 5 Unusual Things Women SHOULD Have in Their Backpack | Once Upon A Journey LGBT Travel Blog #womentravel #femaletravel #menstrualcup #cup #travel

◆ ◆ ◆ ◆ ◆ ◆ ◆

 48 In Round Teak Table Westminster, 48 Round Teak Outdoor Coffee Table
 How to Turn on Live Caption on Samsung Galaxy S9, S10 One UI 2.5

◆ ◆ ◆ ◆ ◆ ◆ ◆

◆ DIRECTIONS FOR THIS TASK ◆
Word for word, restate the lines of the listing above starting at the line with "48 In Round" and ending at the line with "How to Turn", and nothing outside them.

◆ TASK OUTPUT ◆
 48 In Round Teak Table Westminster, 48 Round Teak Outdoor Coffee Table
 How to Turn on Live Caption on Samsung Galaxy S9, S10 One UI 2.5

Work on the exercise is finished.